The new cannabis customer may be turning away from pharmaceutical solutions in search of more natural remedies and aids. For them, sustainable approaches are an important lifestyle choice.
Common misconceptions have consumers believing that cannabis cultivation is on par with that of environmentally sustainable industrialized hemp.
Cannabis production, however, is a huge consumer of resources. According to a recent article by Diane Peters called “The Greening of Green”, cannabis plants consume huge amounts electricity: the city of Denver recently reported that 4% of its electricity was being used by the cannabis industry. Another report claims that 1% of U.S electrical output is used for cannabis cultivation. Plants need water – as much as 5 gallons of water per plant per day – as well as nutrients and fertilizer. They generate herbicide-filled wastewater that’s being dumped into sewers. The product attracts a ‘green’ crowd, but most production today is not very environmentally friendly.
Some companies are looking for ways to become more aligned to many of their customers’ greener values. “I realized that if we were growing cannabis in a way that destroyed the planet for a profit, we were no better than an oil company,” said Jesse Peter of Eco Firma Farms in Oregon. Jesse and many green-minded producers are trying to turn down the lights and lower their costs and carbon footprint.
Sustainability will become a strong proof point for some brands. Customers will demand it, and search for evidence of greener practices among their product options.
Here are 4 ways cannabis will grow greener:
Cannabis plants are mostly grown in buildings where they have 24/7 lights and supporting cooling and dehumidifying controls. Companies are seeking lower wattage solutions by using LED lights, which also lower the building’s heat. Some are building greenhouse facilities: the added cost of security for these outdoor buildings are offset by savings. Solar and wind energy sources are green choices for producers.
Many innovative companies are looking to new and advanced ways to minimize their environmental impact. Licensed producers are managing wastewater using aquaponics—a system that combines conventional aquaculture and hydroponics. Plants are grown in water fertilized by waste produced by aquatic animals swimming in adjoining tanks. The systems swap water, wasting little, and using 90% less than conventional growing practices. Across the industry, similar closed-loop systems to manage and reuse water consumption are growing in usage and appreciation.

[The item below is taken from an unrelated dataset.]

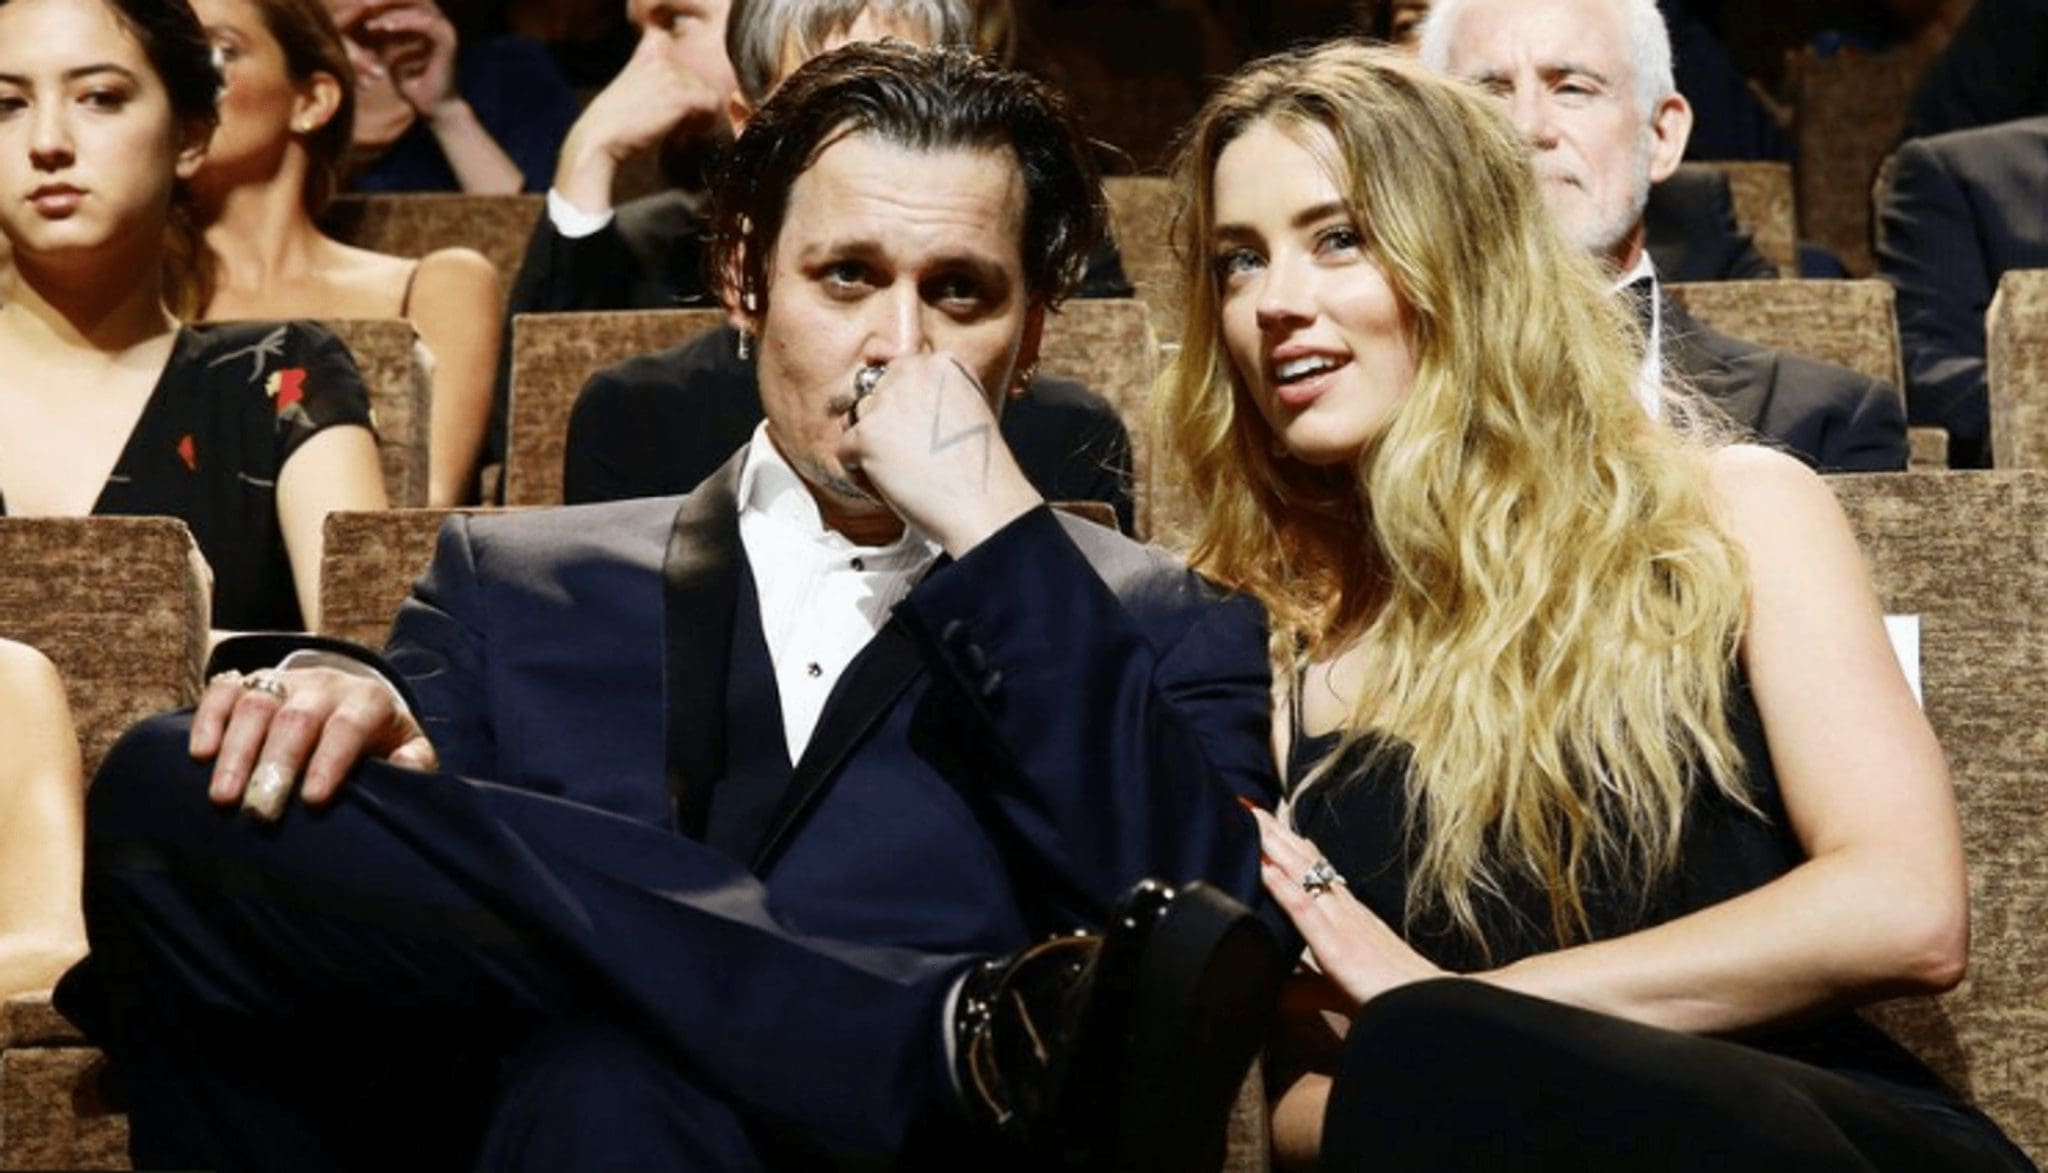 Amber Heard speaks out about Johnny Depp's exes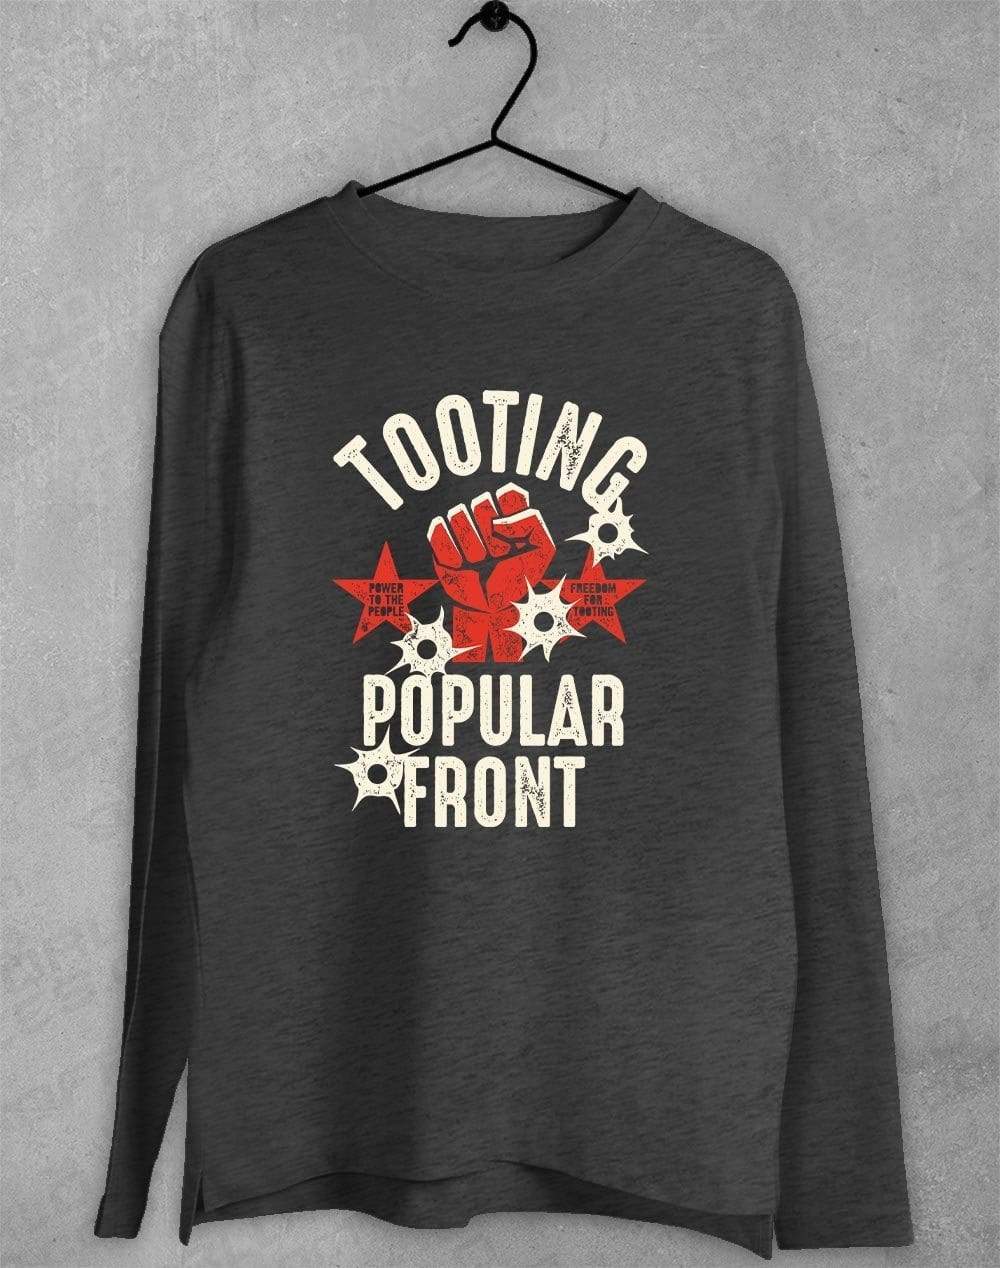 Tooting Popular Front Long Sleeve T-Shirt S / Dark Heather  - Off World Tees

Today, single-use plastics are a huge pain point for environmental sustainability. New cannabis companies would do well if they found ways to make sure they weren’t contributing to the pile. Reusable, biodegradable and compostable packaging will serve green consumers better.
Making a visible contribution to a cause can be another way to support and even bring action to sustainability issues, as well as other important contributions. Companies can support forests and promote conservation. Many producers keep their giving local, with donations to parks, food banks, school education programs, and community gardens.